GIVEN DATA »
******************************

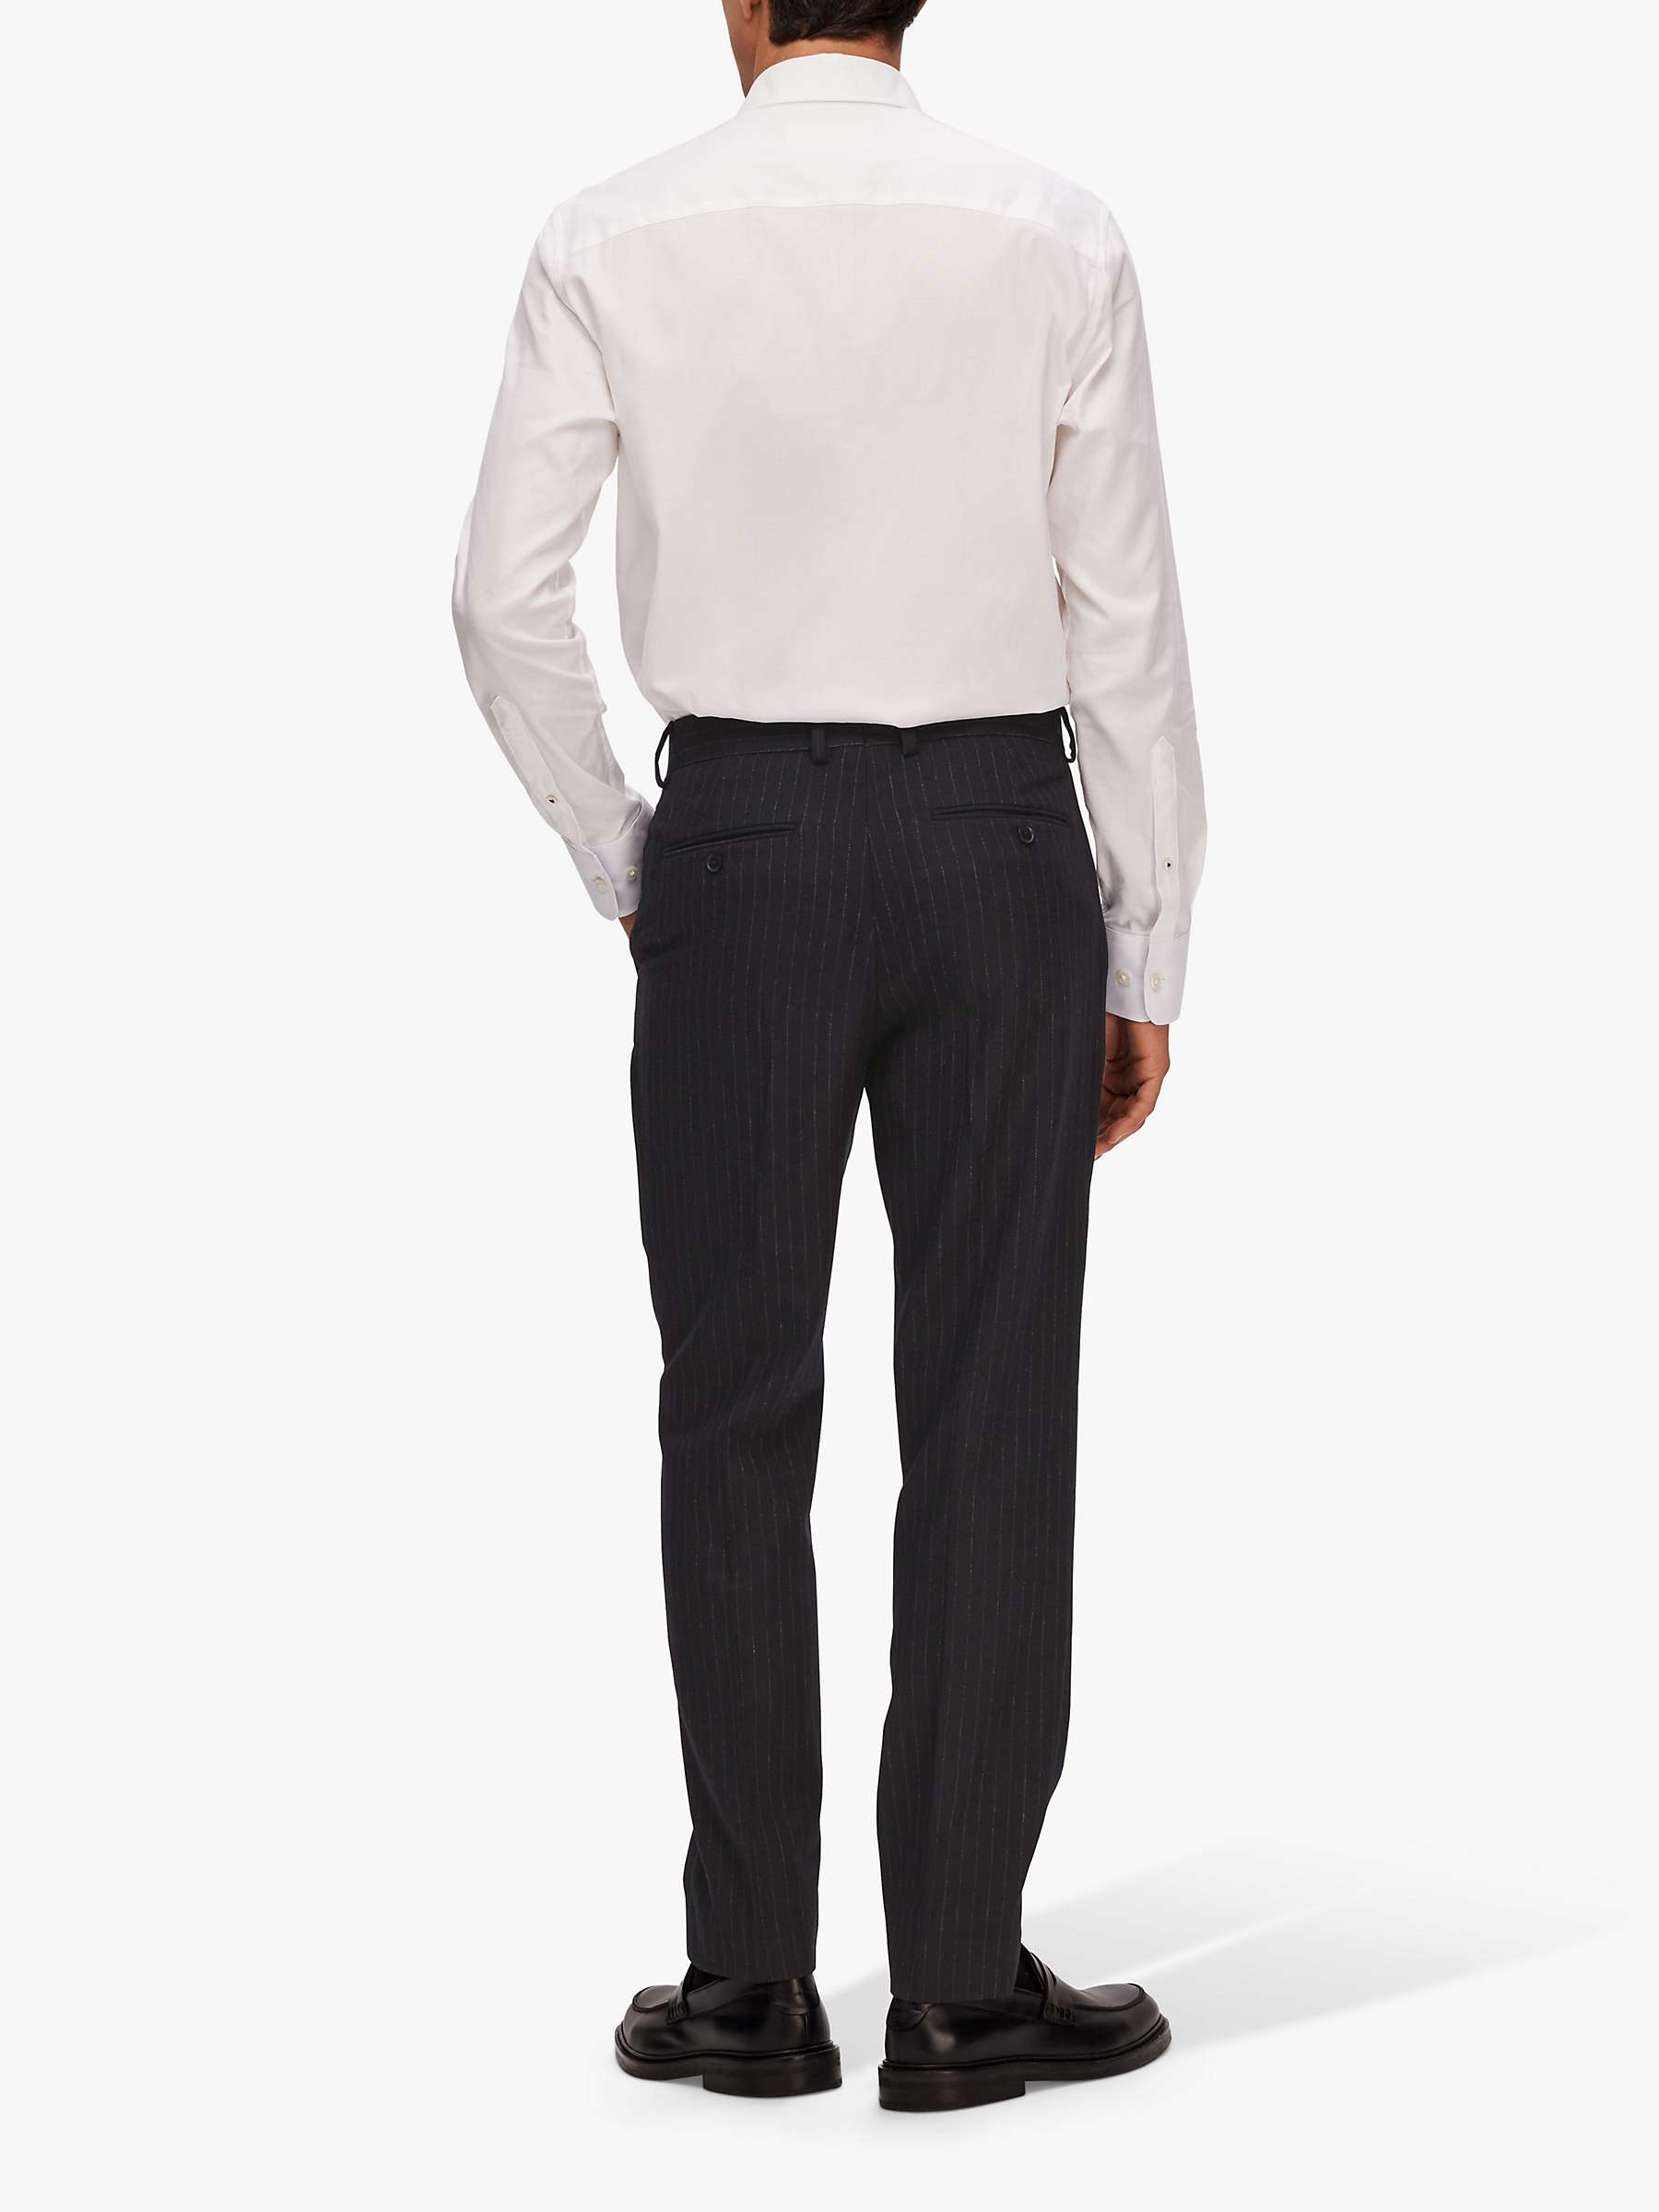 Buy SELECTED HOMME Slim Fit Striped Trousers, Navy Online at johnlewis.com
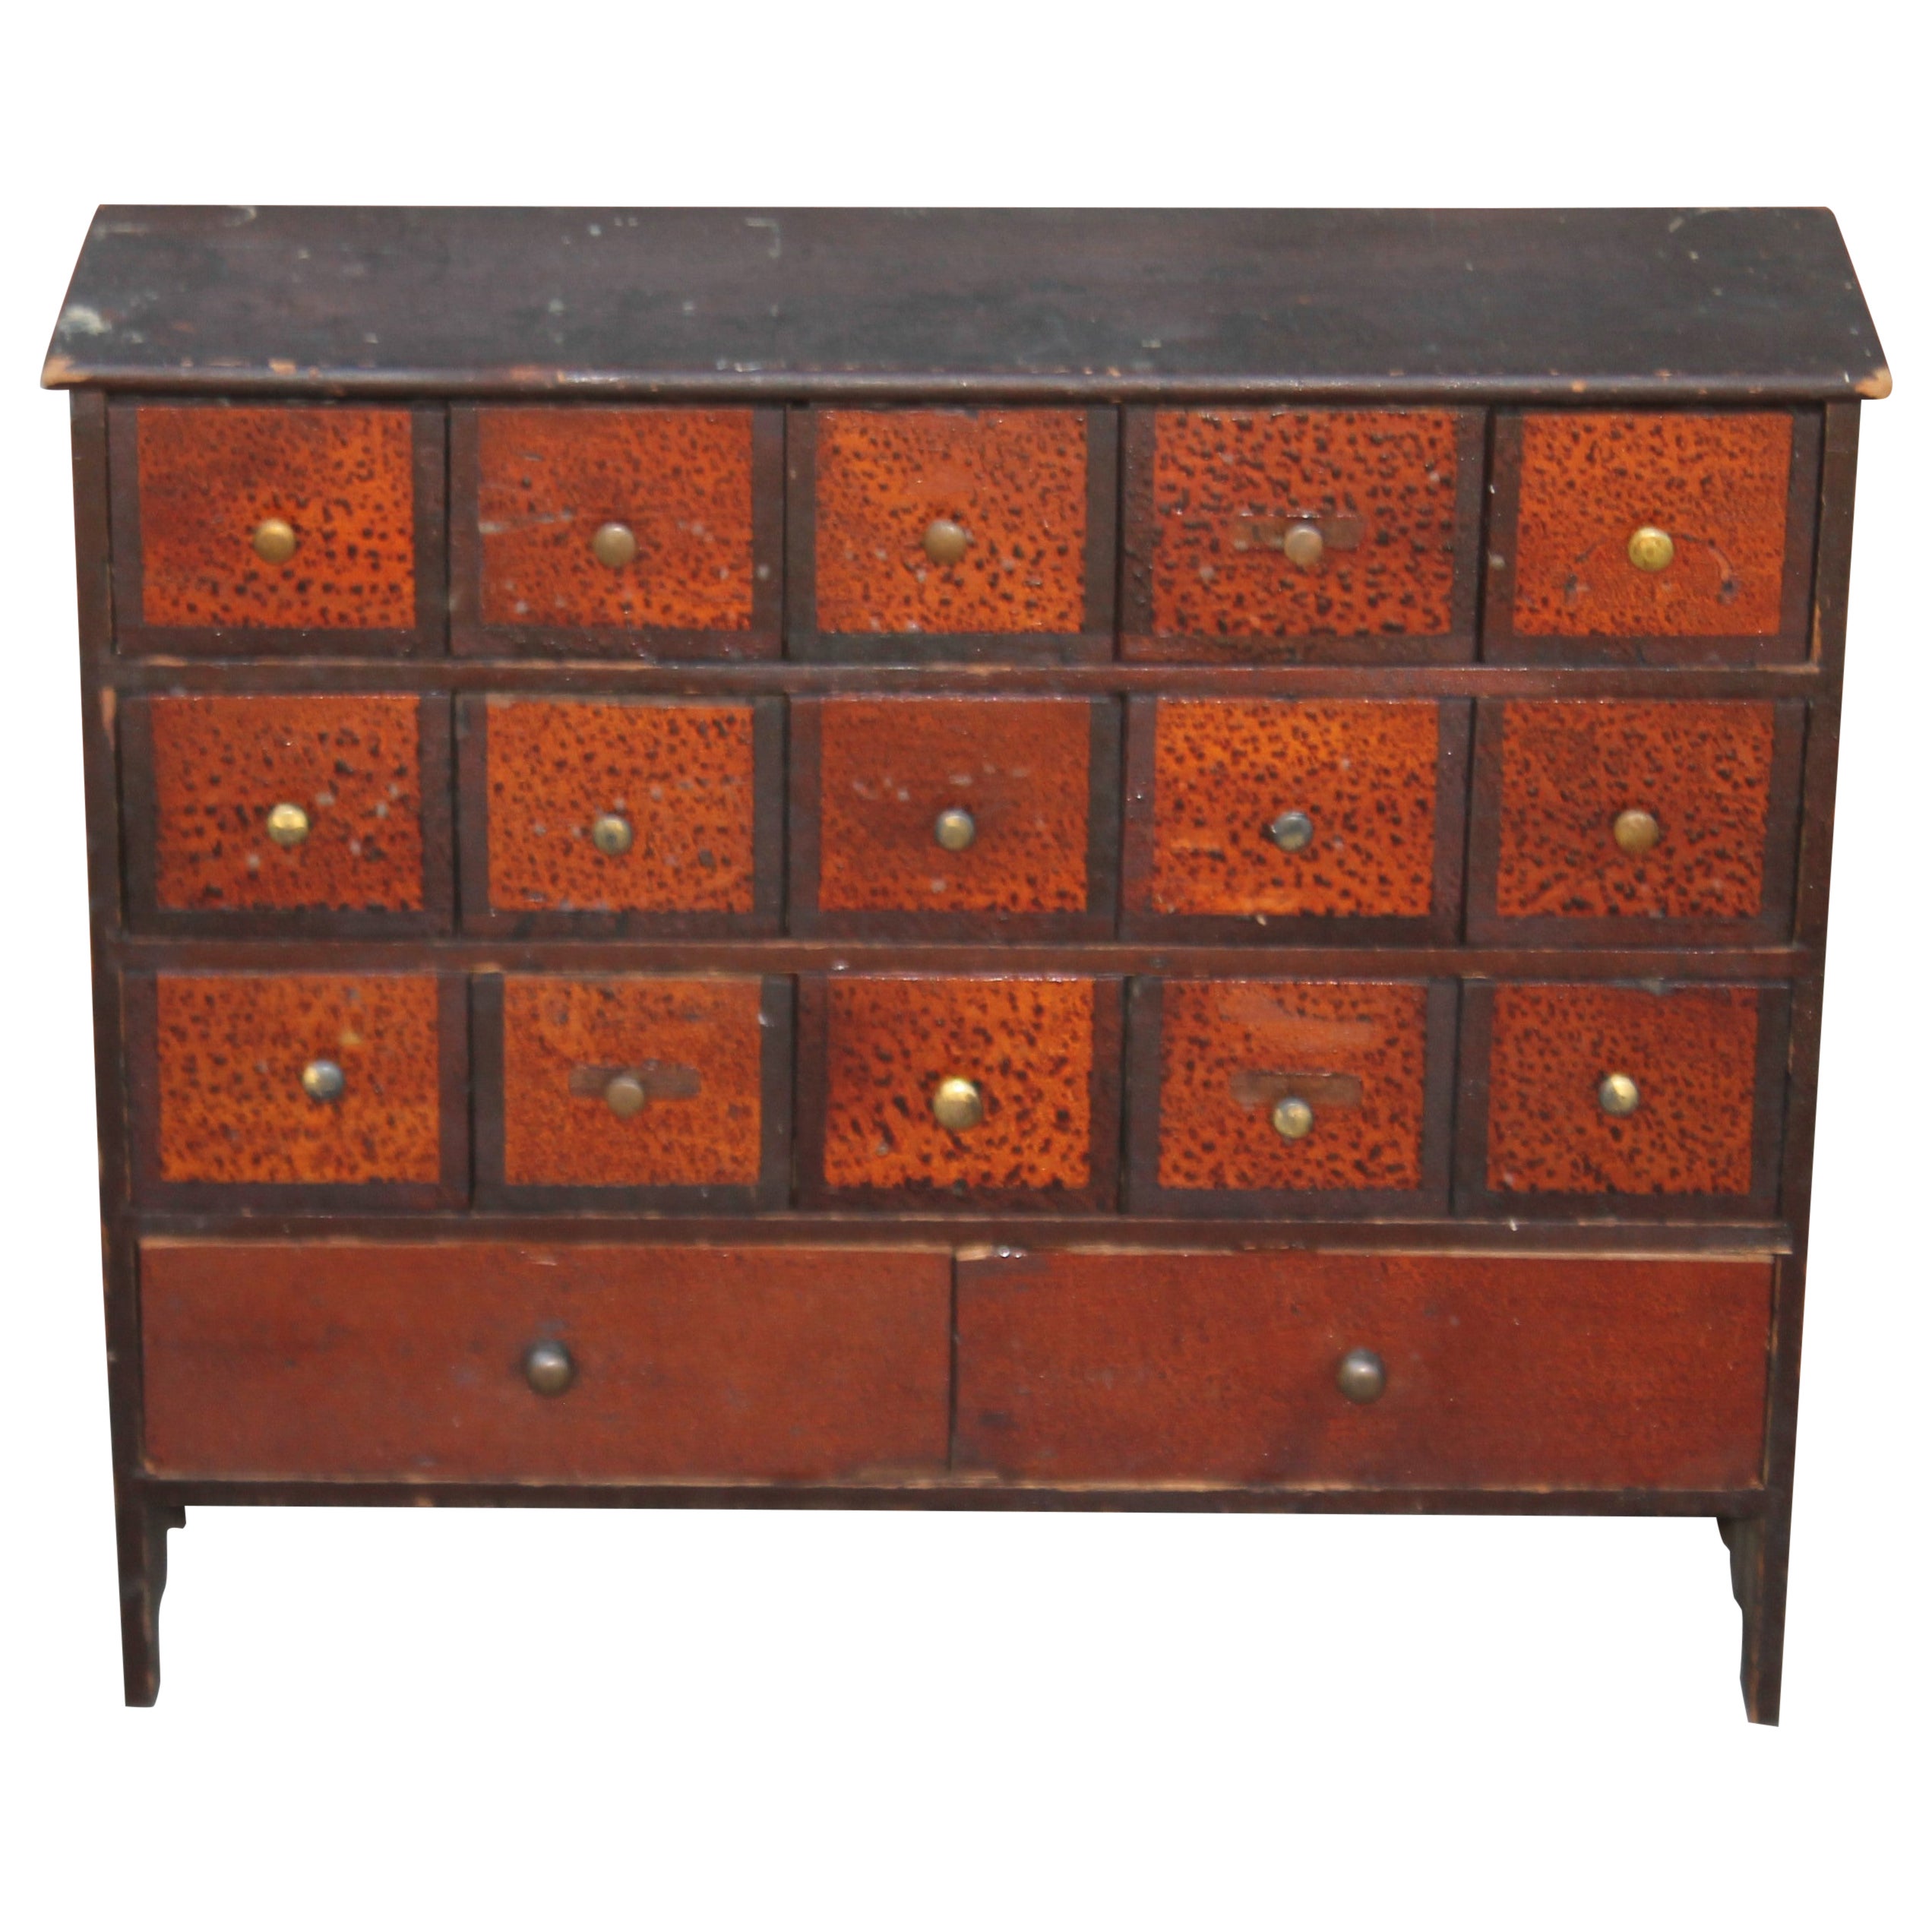 19thc Original Painted Apothecary Cabinet with 17 Drawers For Sale
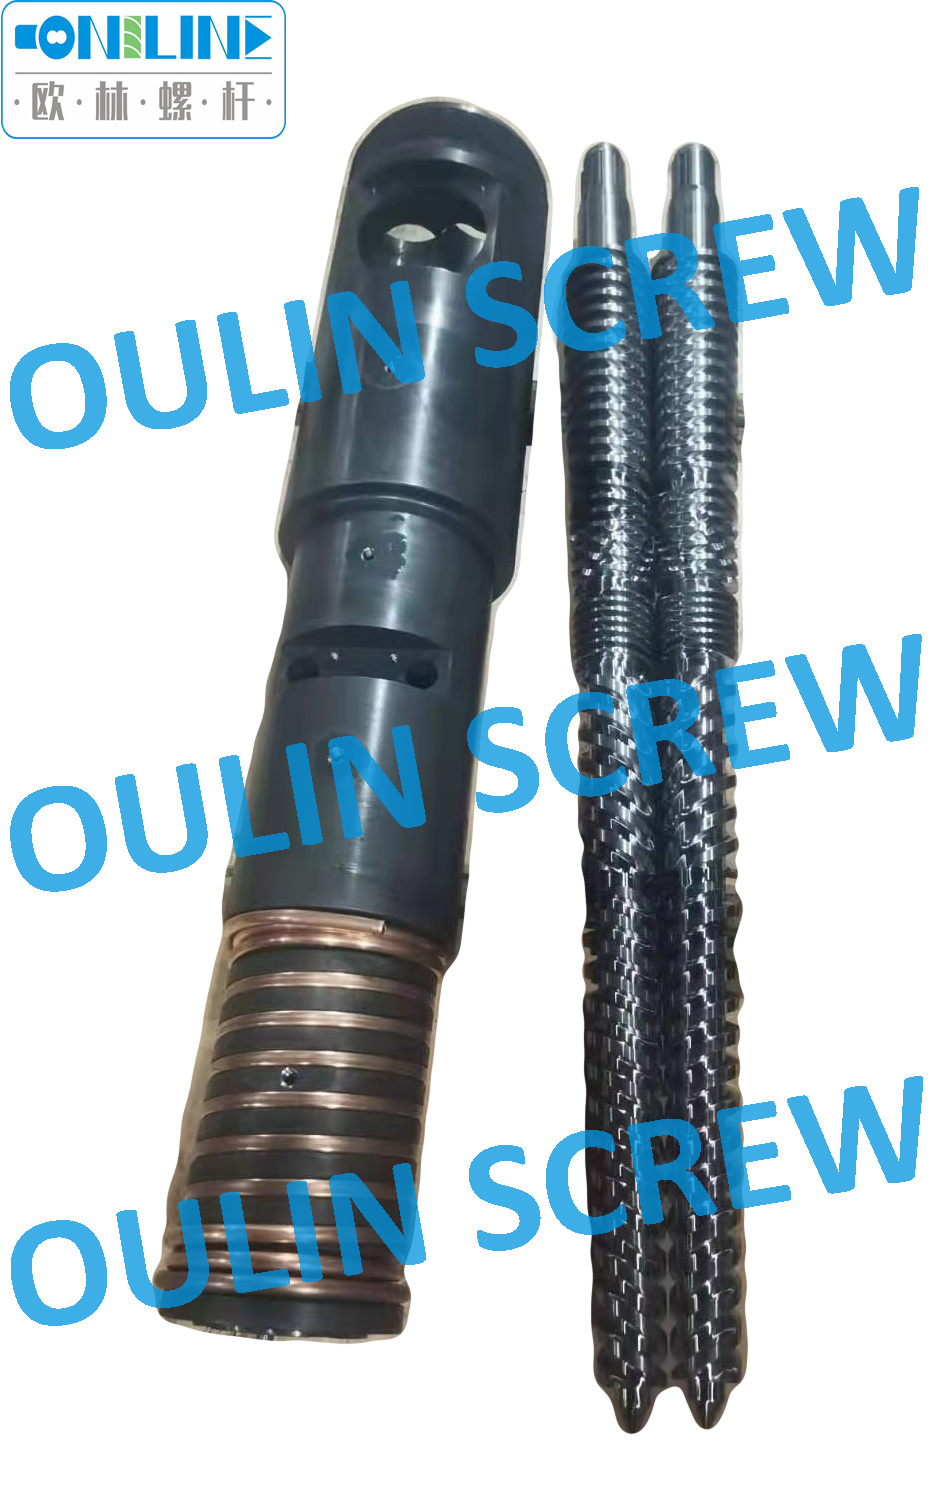 Sj55/110 Twin Conical Screw Barrel for PVC Sheet, Pipe, Profiles Extruder

******************************

WORK ORDER » Everything in the listing is to be returned word for word, except the pictures.

EXERCISE RESPONSE »
 Buy SELECTED HOMME Slim Fit Striped Trousers, Navy Online at johnlewis.com
 19thc Original Painted Apothecary Cabinet with 17 Drawers For Sale
 Sj55/110 Twin Conical Screw Barrel for PVC Sheet, Pipe, Profiles Extruder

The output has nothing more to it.